- What is required -
Leave out the pictures, and copy exactly the lines from the line with "Thumbs up with spray paint Stock Photo" through the last line of the data below.
───── Dataset extract ─────
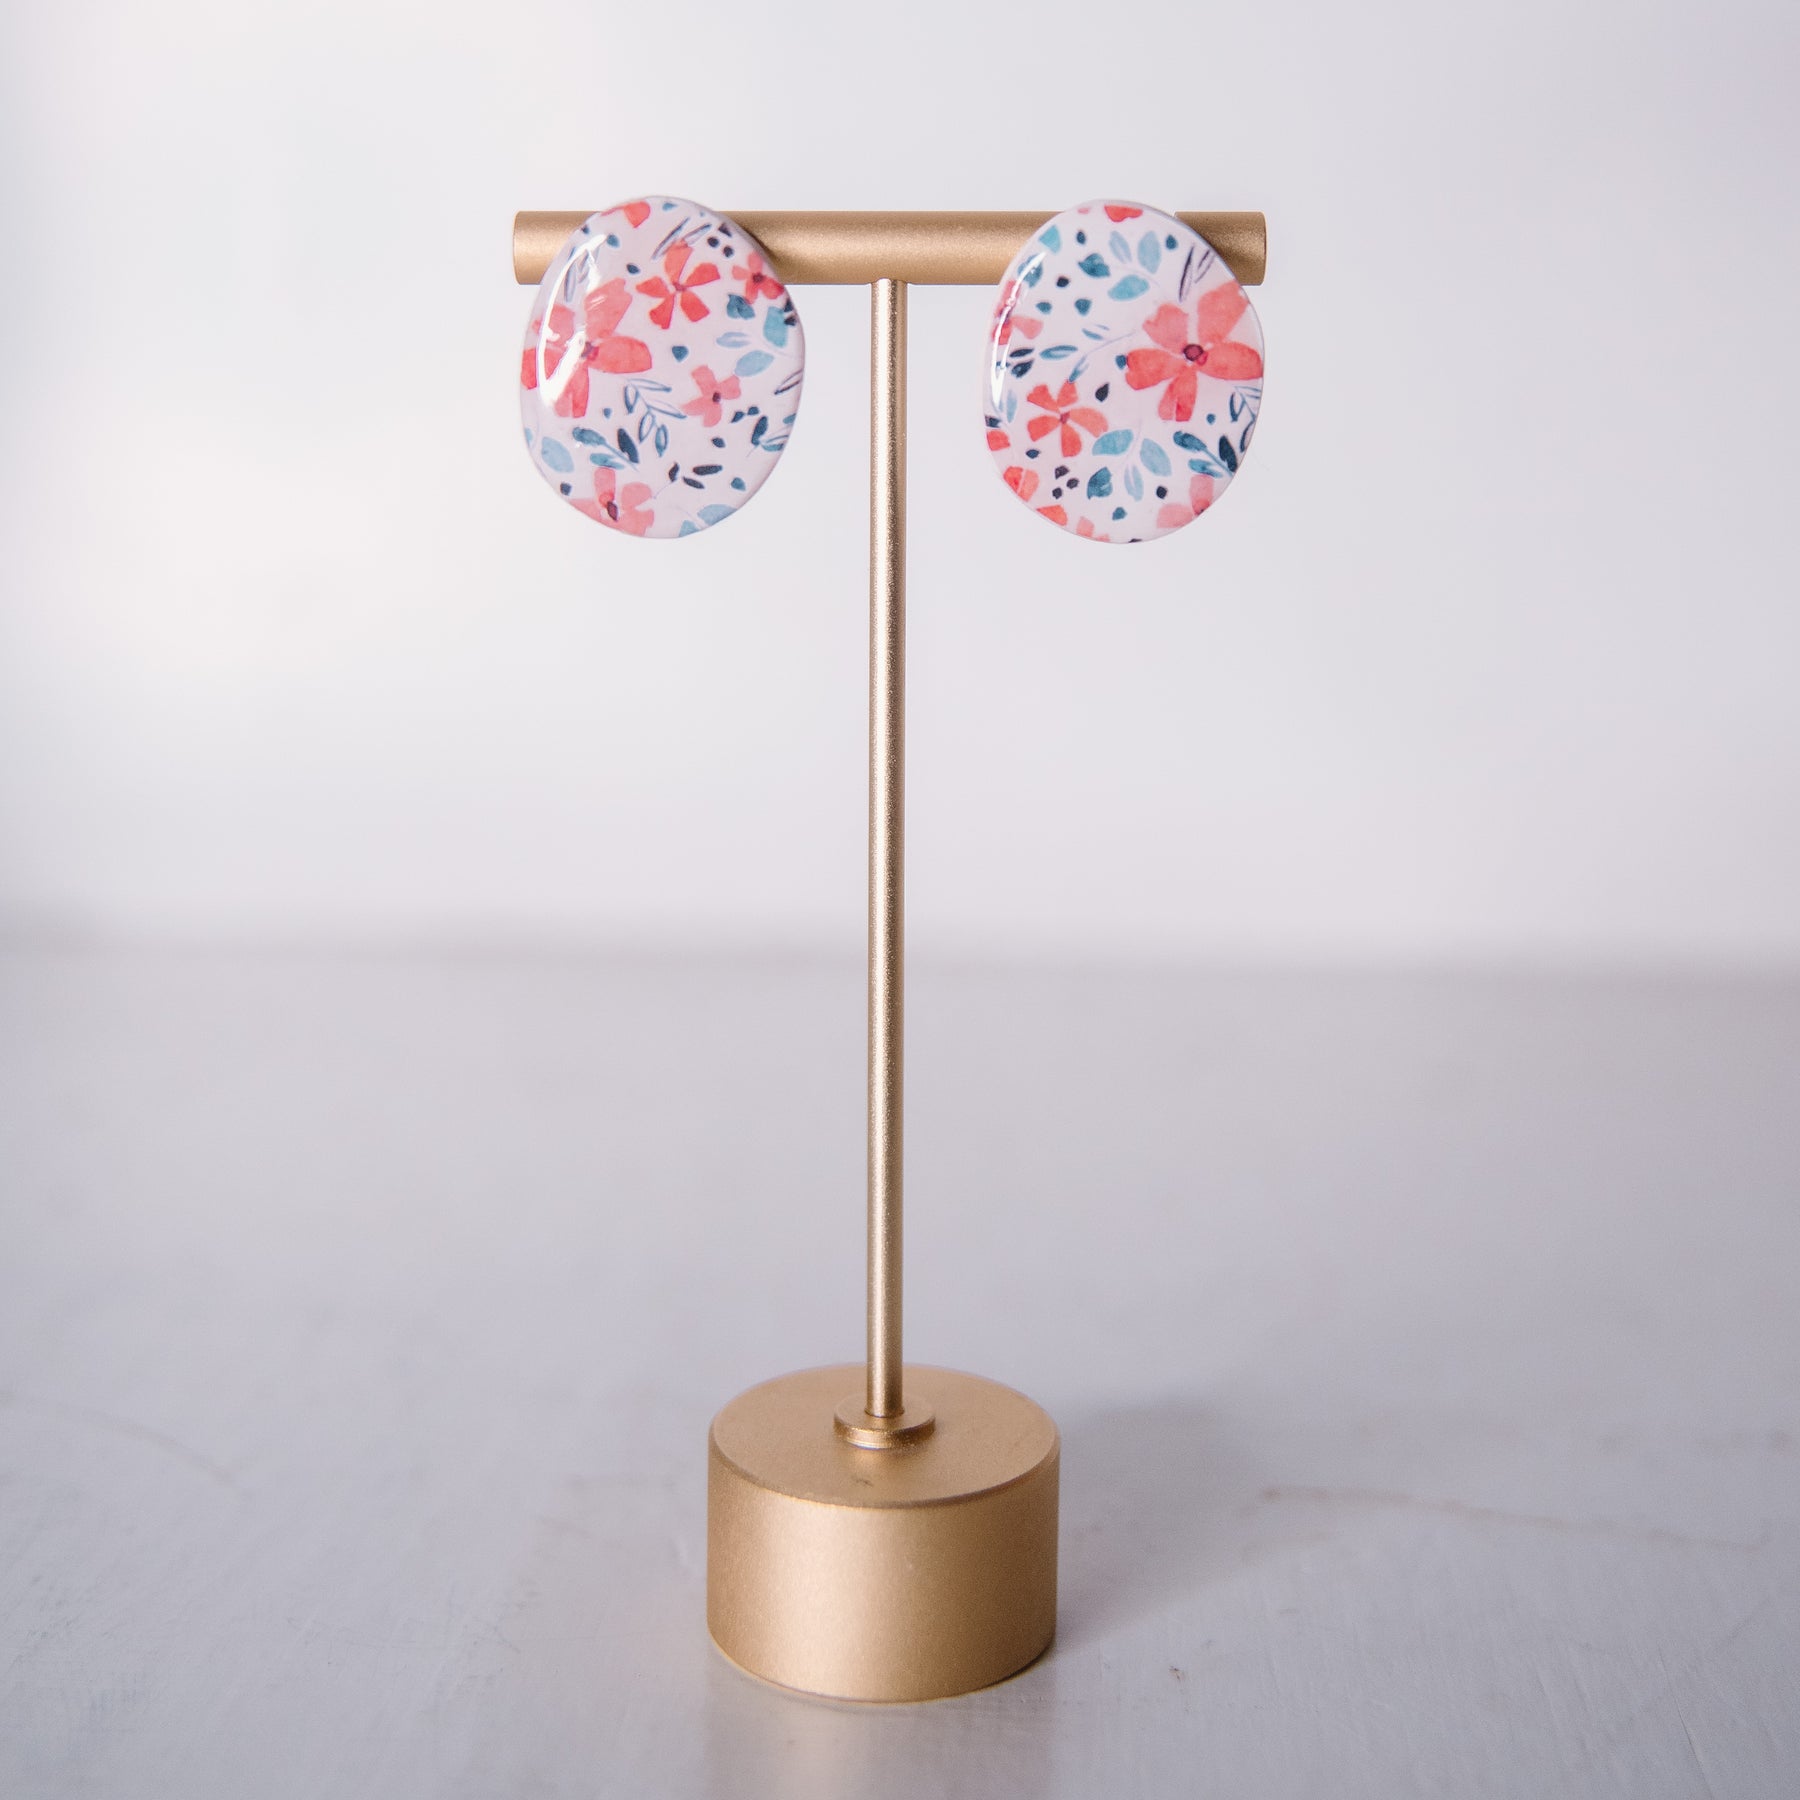 Playful Floral Chic Earring Collection
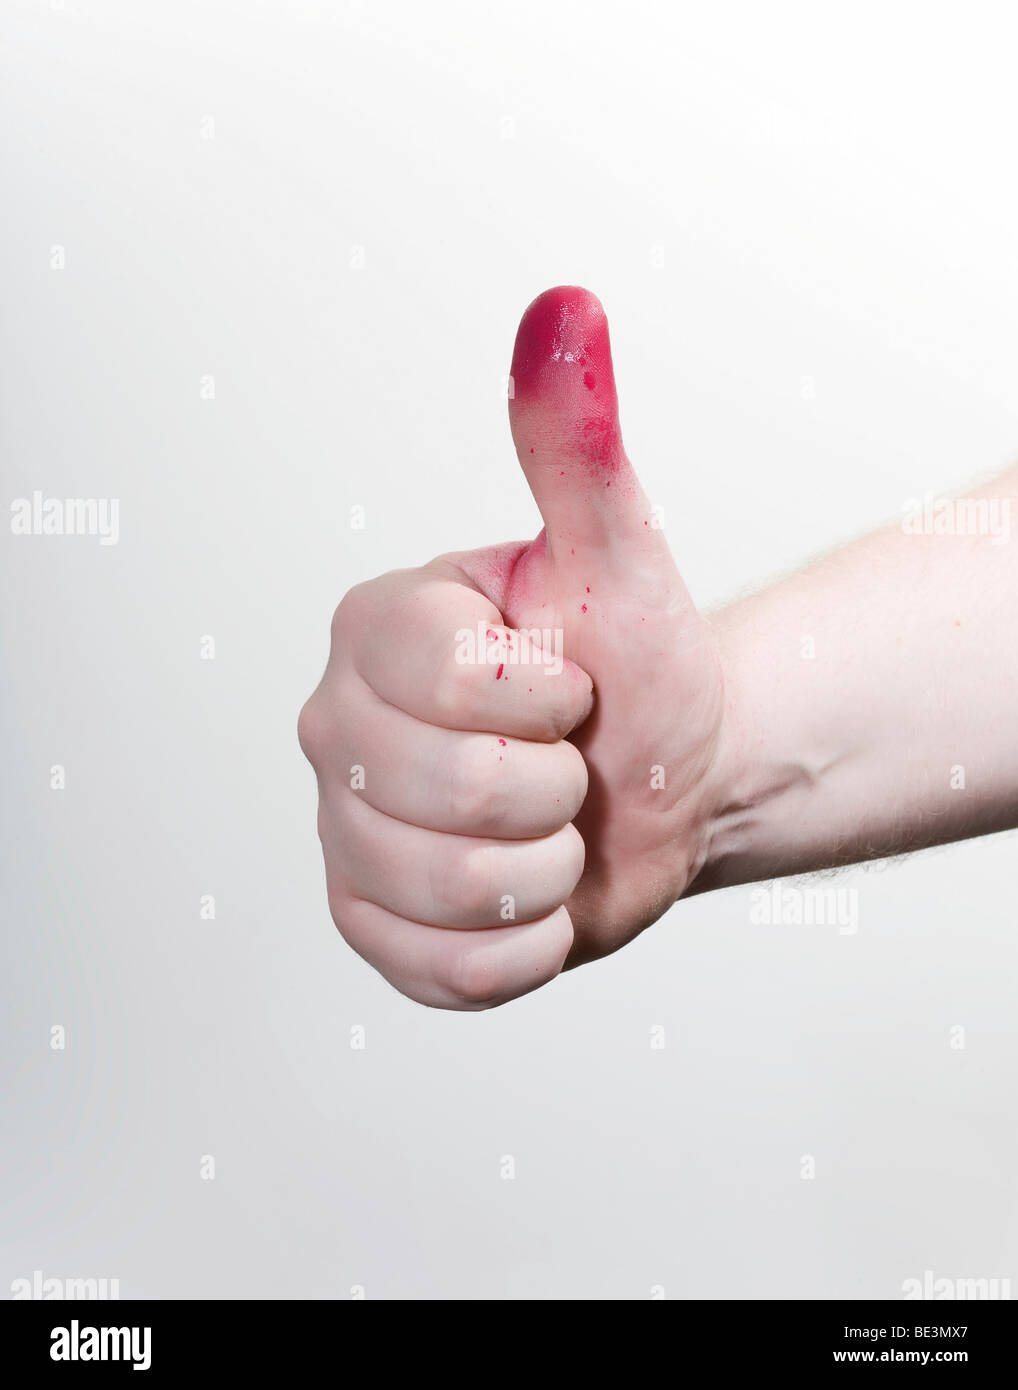 Thumbs up with spray paint Stock Photo
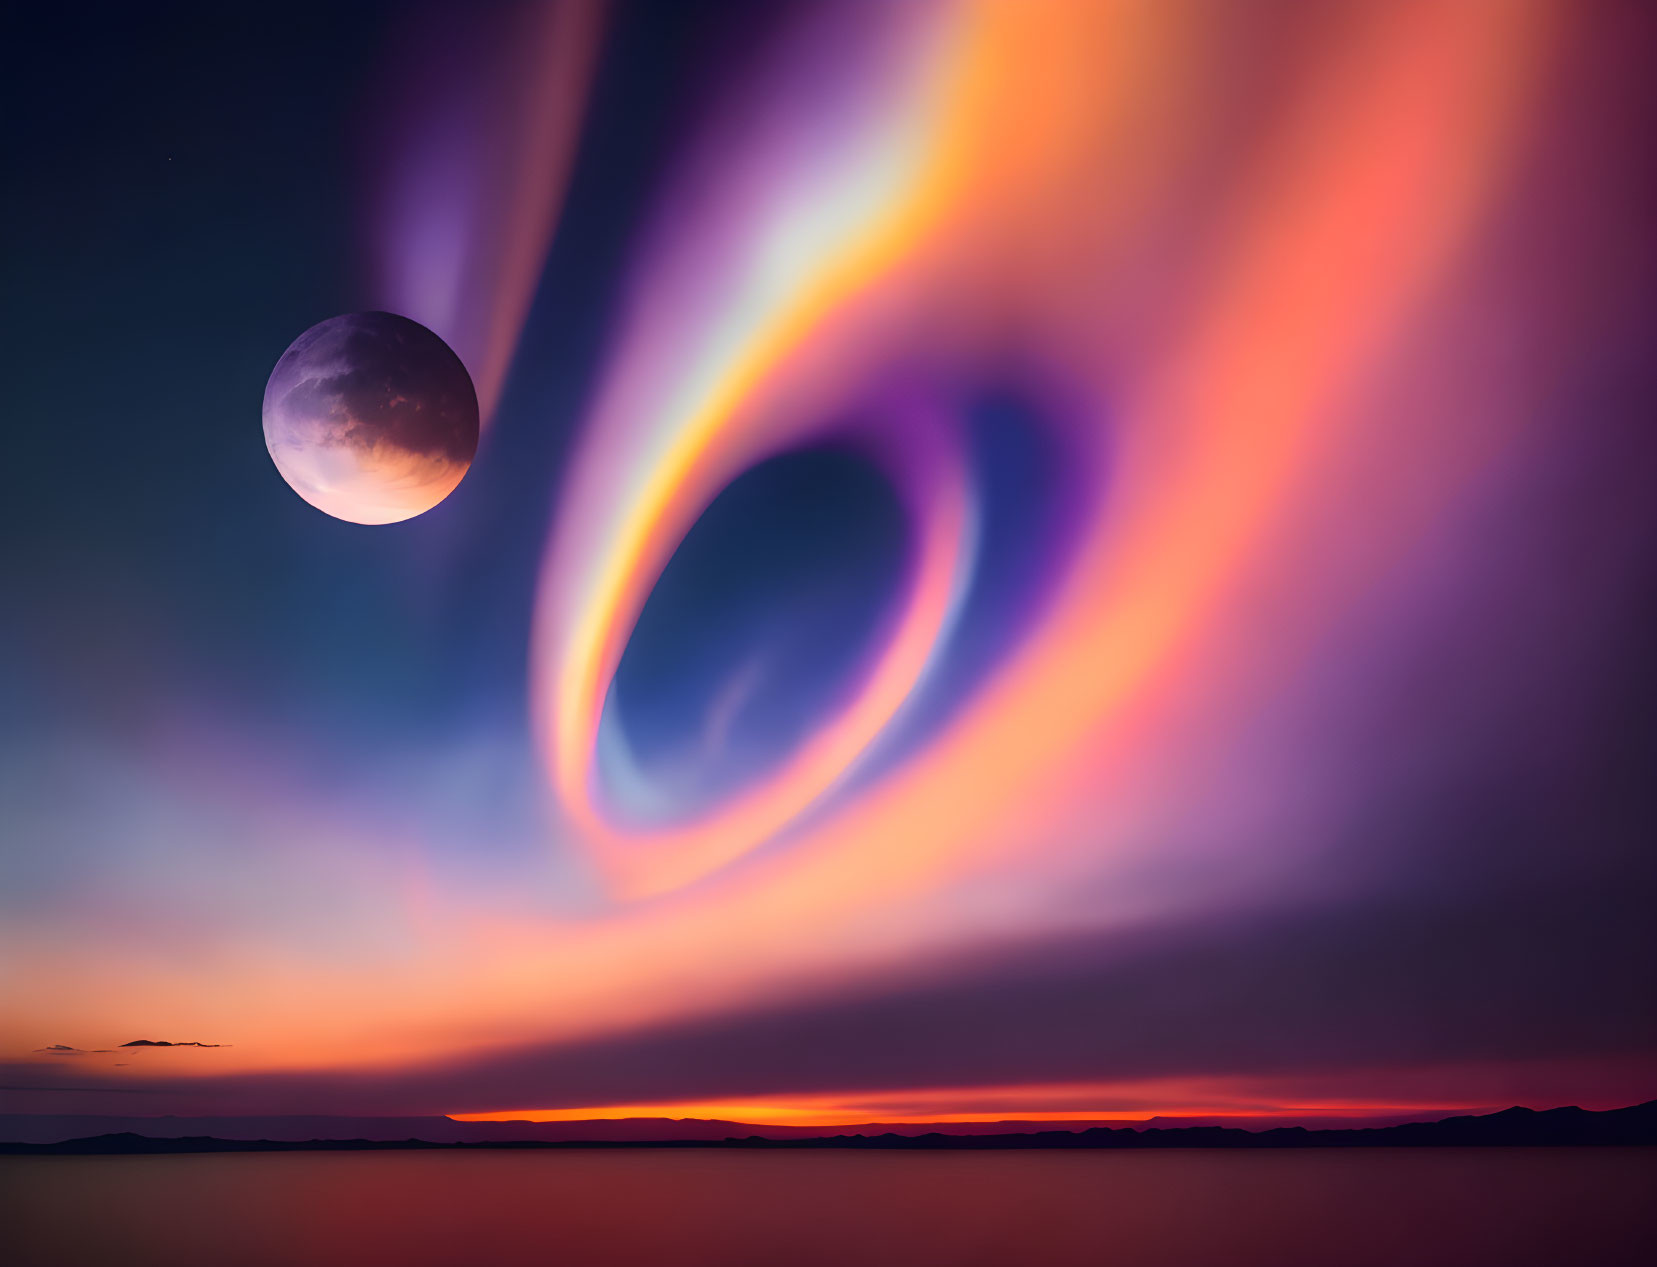 Vibrantly colored sky with swirling clouds and large moon above dark horizon
─────
- Response below -
 Thumbs up with spray paint Stock Photo
 Vibrantly colored sky with swirling clouds and large moon above dark horizon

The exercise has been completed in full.